Andalusia: the most southern region of Spain, the birthplace of tapas and flamenco. A region filled with memories from its Islamic past, known in summer for its beaches along the coast and extreme temperatures. With these premises we decide to explore the region at the end of July, focusing on the inland cities of Granada, Cordoba, and Sevilla… sometimes we are that crazy!
Granada is mainly known for the Alhambra, the palace and fortress overlooking the city. It is composed by several buildings, from different periods. Most of the buildings, like the old fortress of the Alcazaba or the annexed Generalife gardens and palace, are accessible all day long. The only exception is the Palacio Nazaries, the finest representation of Hispano-Islamic art and architecture.
Due to the limited amount of people allowed inside, you can enter the palace only at the assigned hour. It is therefore better to book the visit a looong time before, to be sure to visit the most magnificent building of all the complex. We did it online, three months before our trip. To escape the heat of the central hours of the day, we decided to book a slot at the opening, which also allowed us to enjoy the palace surrounded by less tourists… And it is absolutely amazing!
The white plaster walls are carved with geometrical and nature inspired motives. The sentence “There is no victor but God” is repeated everywhere among these carving. The ceilings of the rooms, illuminated by carefully positioned windows, are decorated with stars motives and stalactites. Water plays an important decorative role through fountains and ponds. Columns and arches are decorated as well, you could spend hours looking at all the details!
One room after the other, we are more and more amazed… The most famous of the differents courtyards we pass is the patio de los leones. It takes its name from the twelve lions supporting the central fountain and it is surrounded by 124 decorated marble columns.
After feasting our eyes with such beauties, the visit to the rest of the Alhambra is strange…
Starting with the most impressive part of the complex can be a double-edged sword. Still, the gardens, between flowers and fountains, offered a very nice walk.

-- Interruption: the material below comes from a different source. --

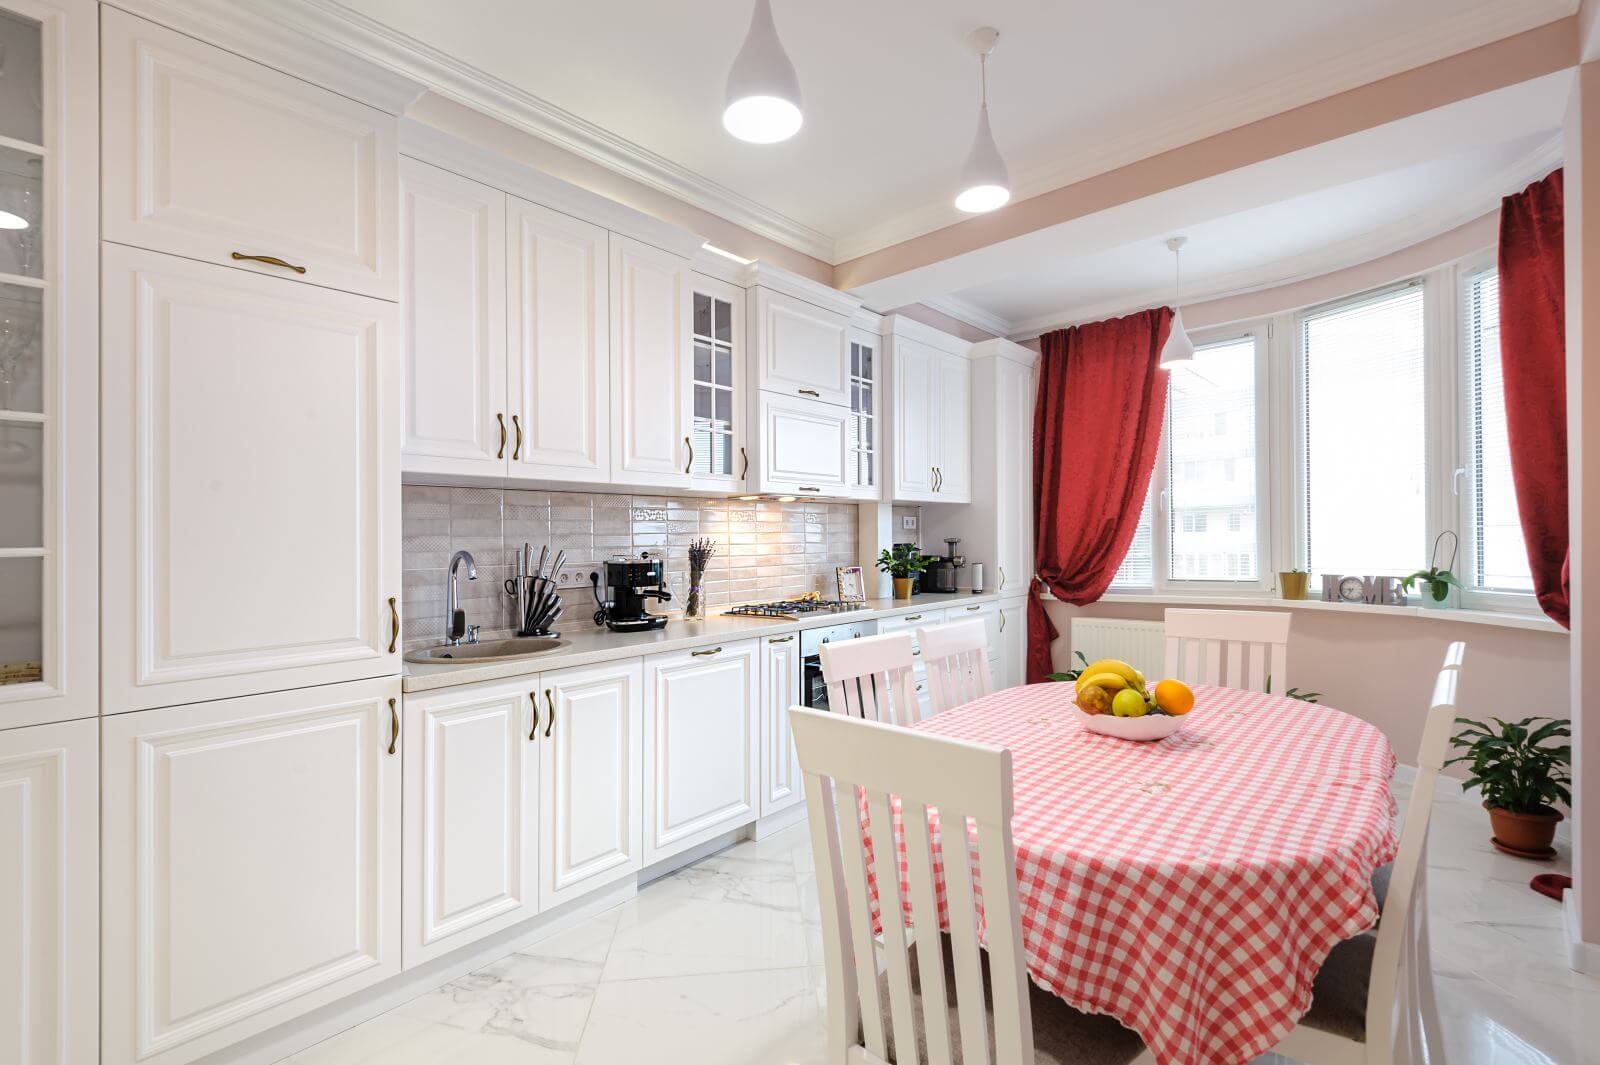 Luxury and simple modern white kitchen interior

We really enjoyed walking up the water stairway!
The city center
Alhambra means “the red one” in arab, name that really takes a meaning at sunset. Some hours before sunset we got lost in the small streets of the old Arab quarter, the Albaicin. We arrived at the Mirador San Nicolas exactly at sundown. From here we could see the walls of the complex turning red, little by little until darkness… really beautiful.
From the culinary point of view Granada, like all Andalusia, and probably all Spain, is famous for the tapas. What is different from other cities, is that here bars often offer a tapa for every beverage taken… And they are neither small nor bad! We were surprised also by the variety: albondigas (meatballs), potatoes, lomo (pork tenderloin), and more!

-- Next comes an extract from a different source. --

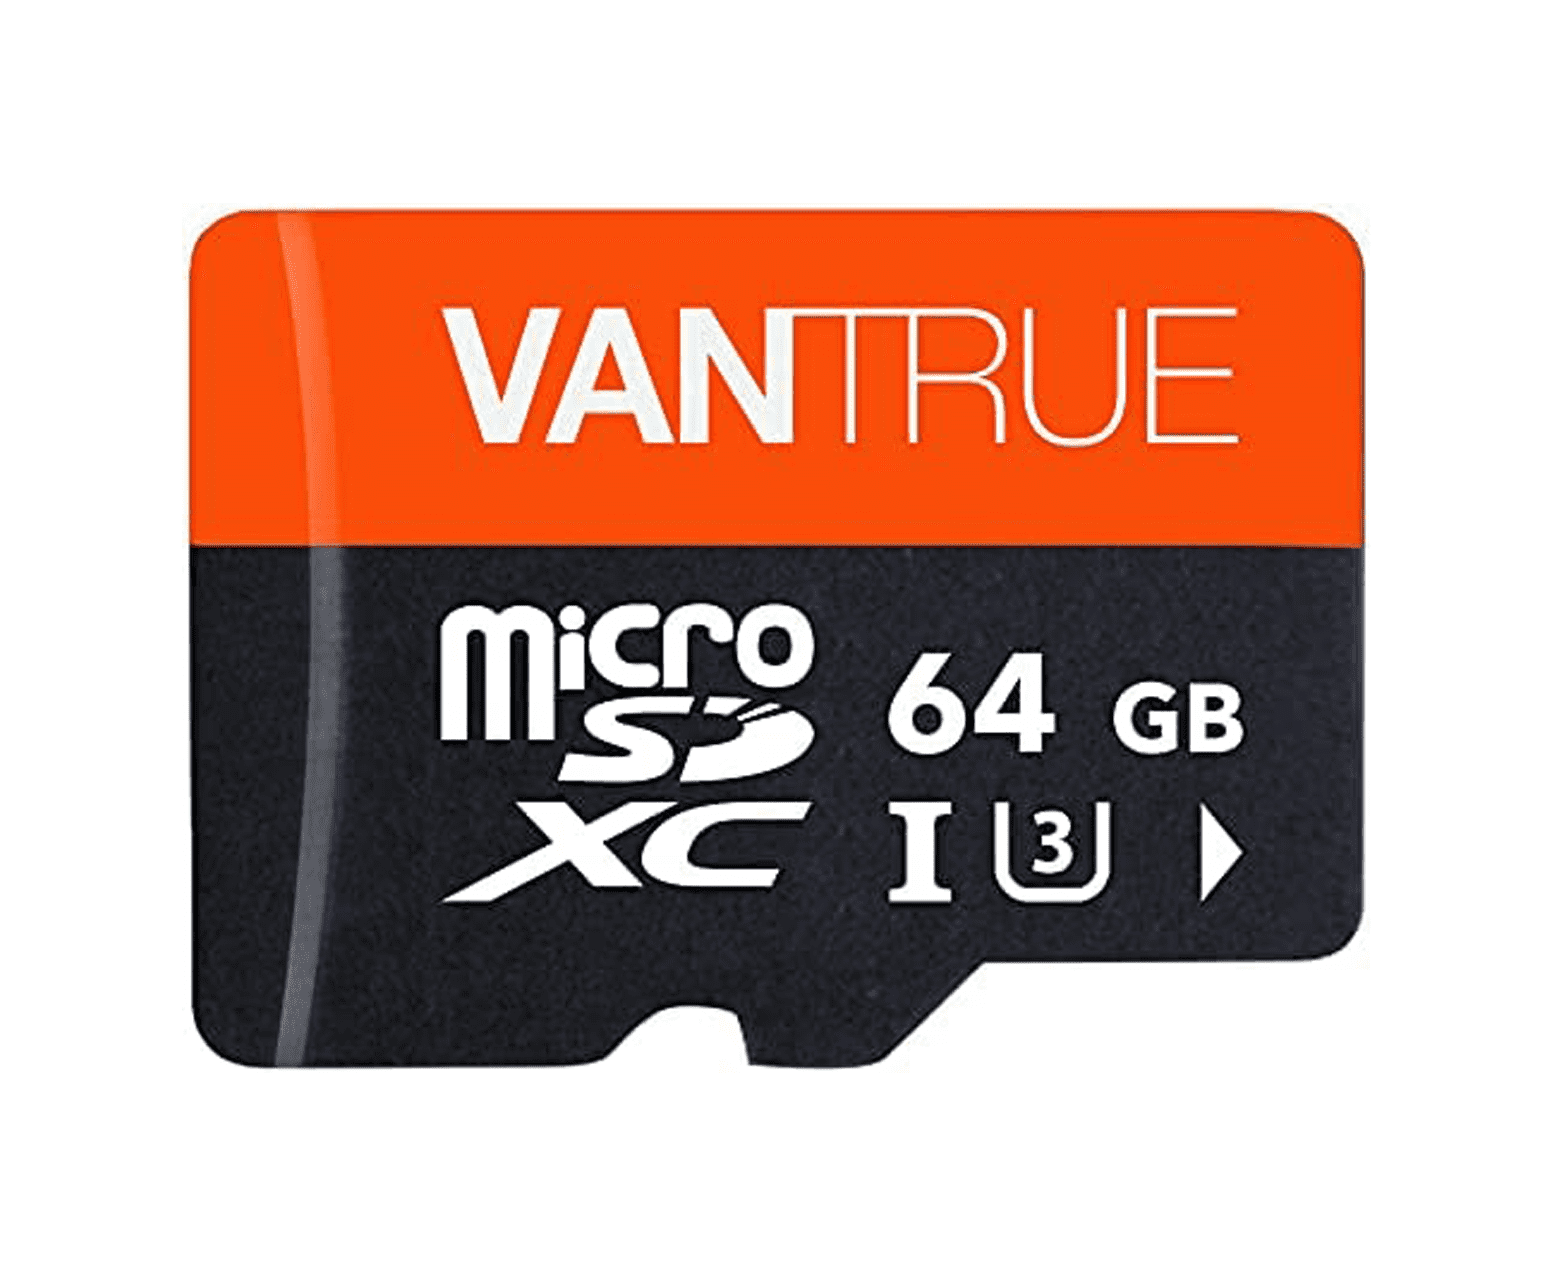 Vantrue 064 GB SD Kart
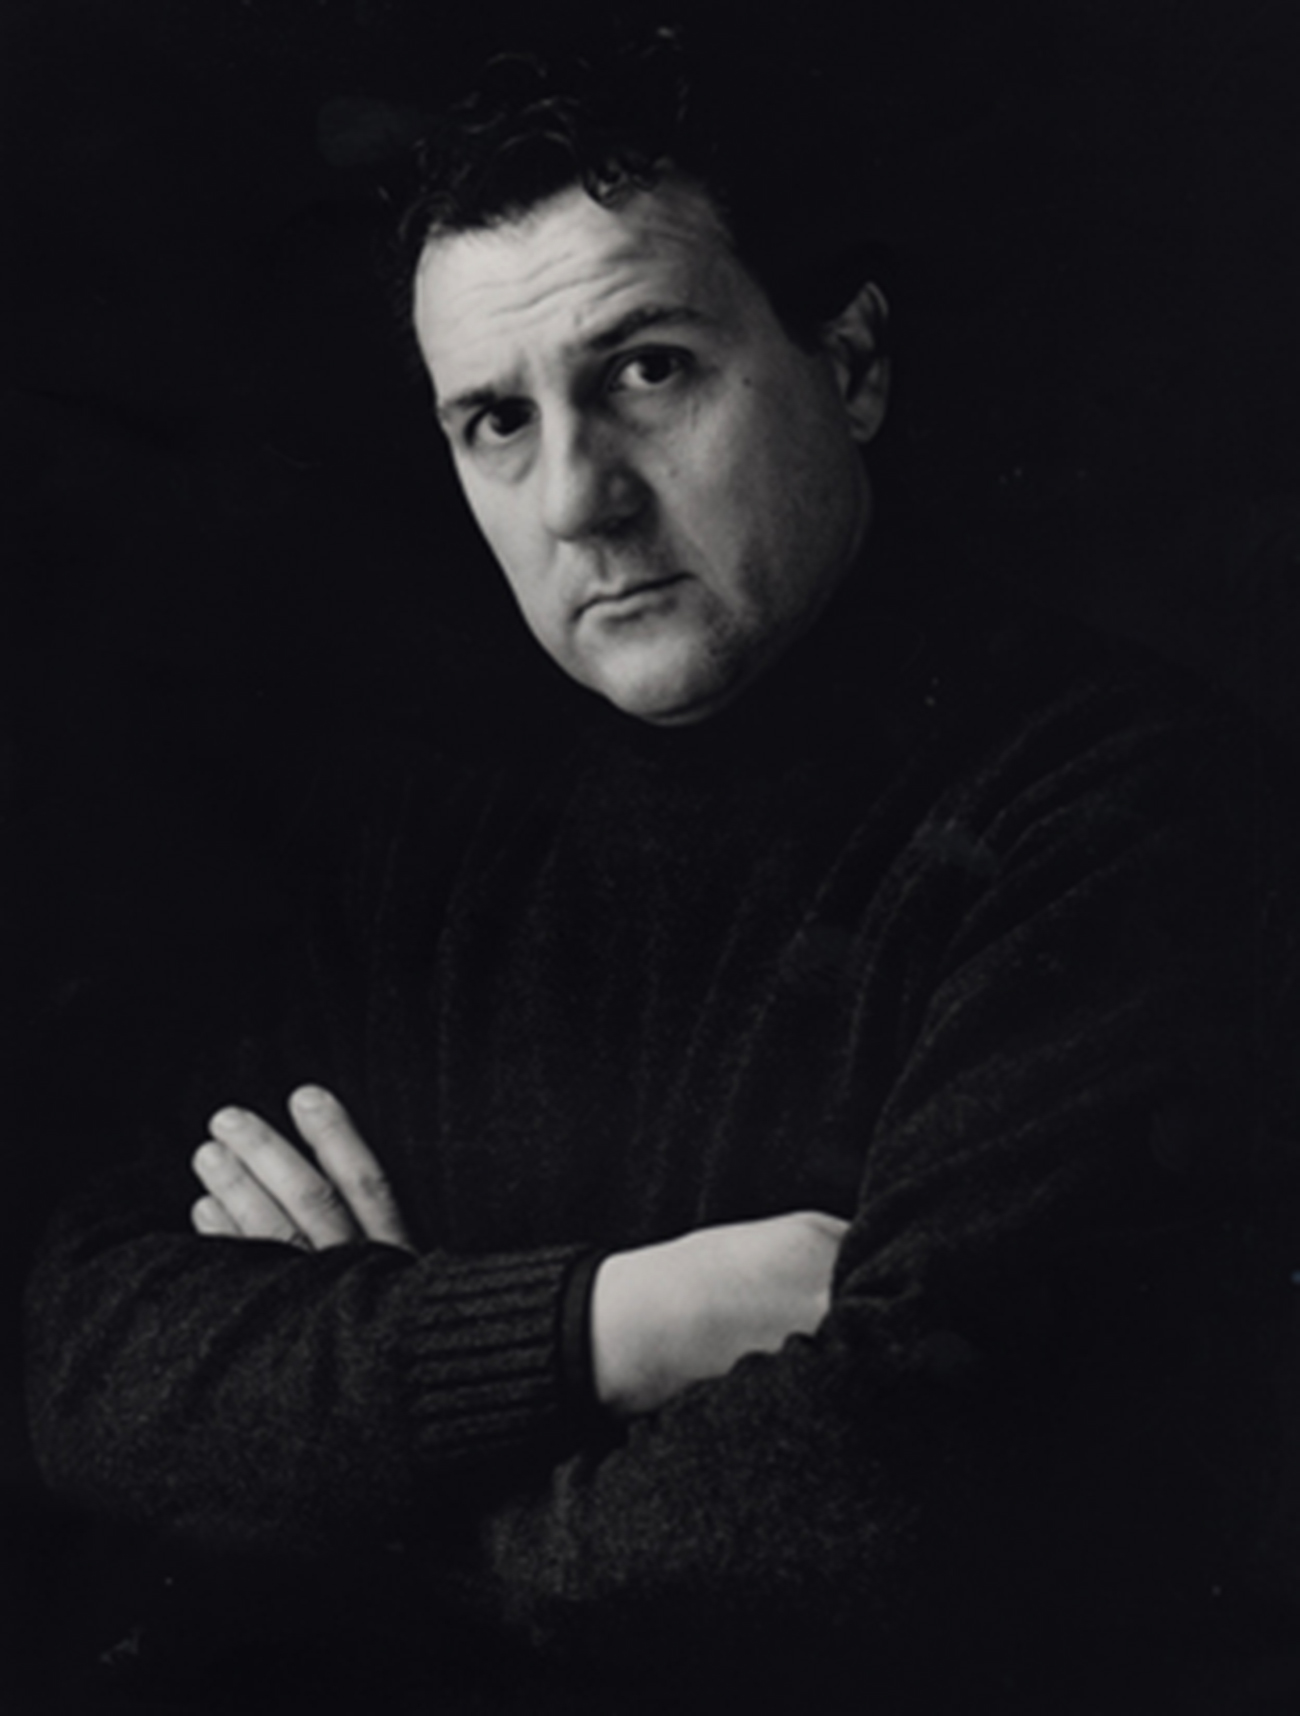 Franco Fossi

In the city centre, apart from the big Cathedral, another smaller site that is worth visiting is the monastery of San Jeronimo. It has a nice cloister, but the best part of the visit is the church, small but richly decorated.
We leave Granada to reach Cordoba, the city of the small streets of the Jew Quarter, the roman bridge over the river Guadalquivir, and where king Felipe II ordered the creation of the famous Andalusian horse breed.

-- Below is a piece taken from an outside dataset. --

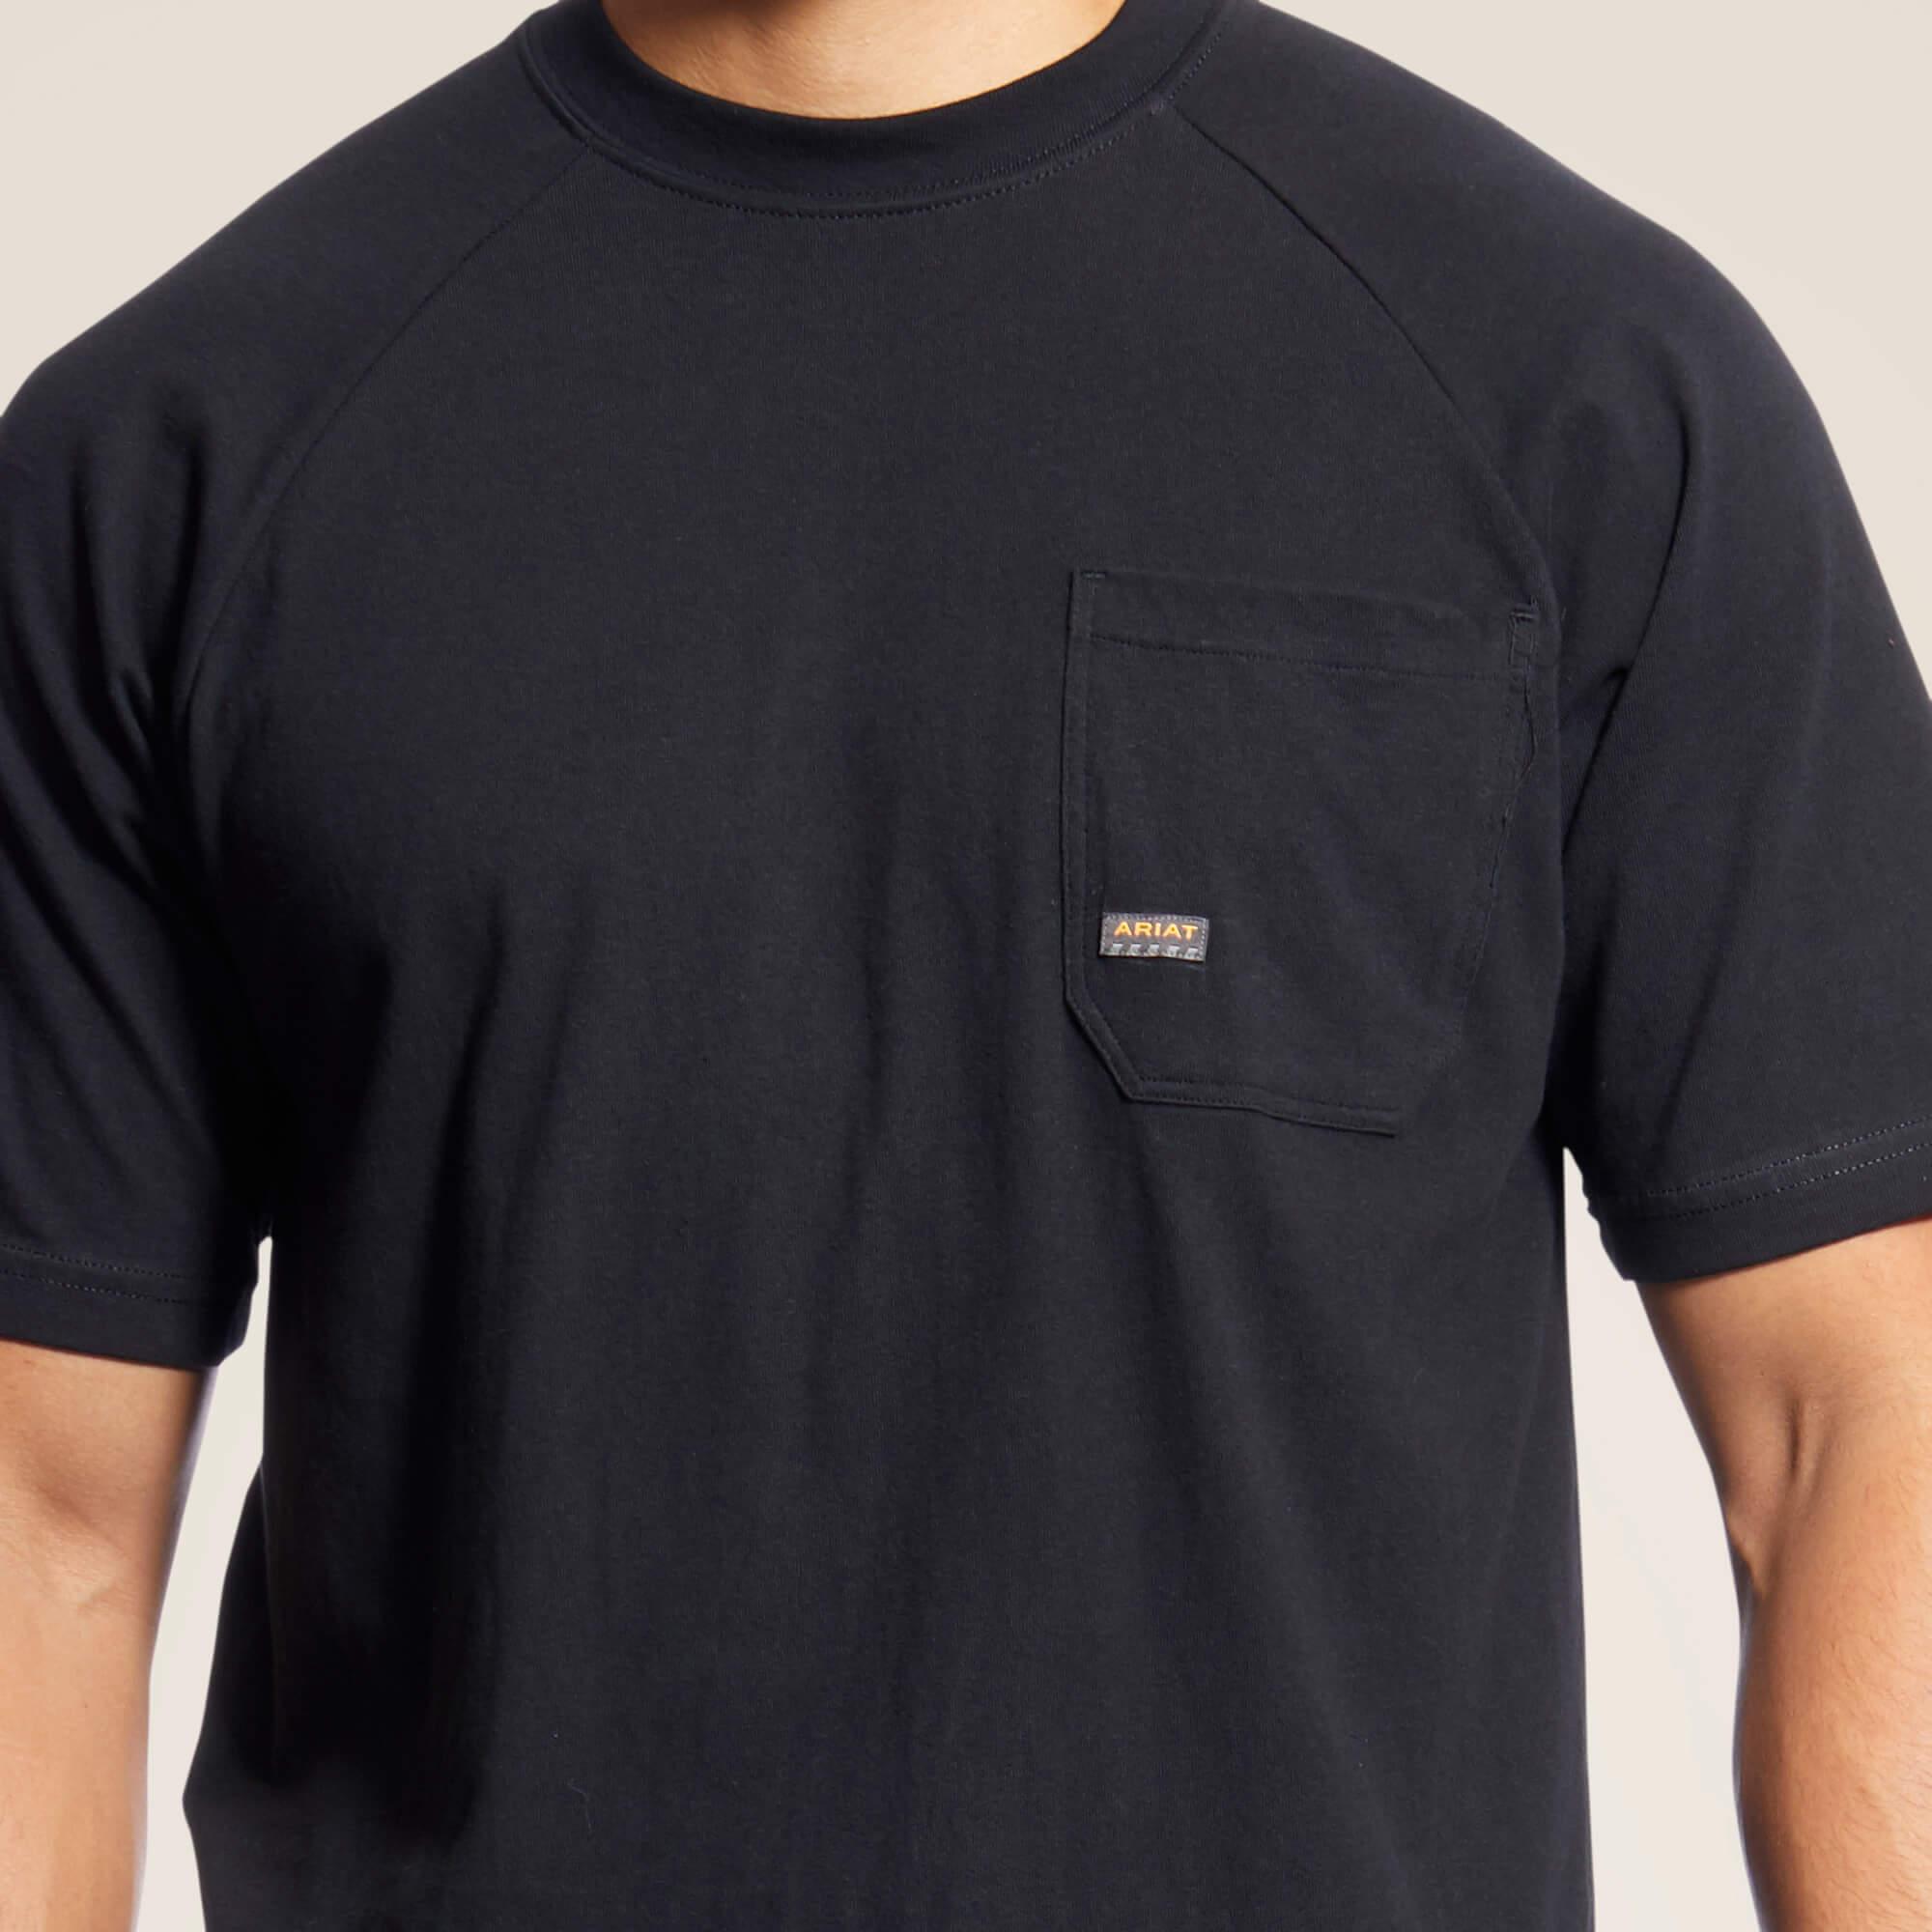 Rebar Cotton Strong T-Shirt - Black

The main attraction in Cordoba is surely the Mosque-Cathedral. From the name it may seems that it is a place of cult for both religions, but the story is quite different. The mosque was built, through four different extensions, over an old Visigothic church. After the Reconquista (reconquest of all Spain by the Christian kings) it was converted in a Catholic church. Many chapels were added in the interior and a Renaissance cathedral nave was built in the middle of the structure.
The overall effect is somewhat bizzare: you enter what is clearly a mosque, with a close courtyard full of orange trees, decorated arches and columns, only to find Catholic imageries and a church in the middle of it all… The church is really amazing, but we feel like it would have been better to build it somewhere else. As Charles V, the king who permitted the construction, said: “You have destroyed something unique to build something commonplace.”
In any case what really captures the eye is the forest of columns inside the building: 856 arranged in 19 rows, surmounted by double arches. The columns are made with different materials and styles. You can really lose yourself, walking among them! And at the very back, the Mihrab, in the direction of which the muslims prayed, richly decorated with golden writings and motives.
The last step of our holidays brings us to the capital of Andalusia, Sevilla, but that will be in our next post!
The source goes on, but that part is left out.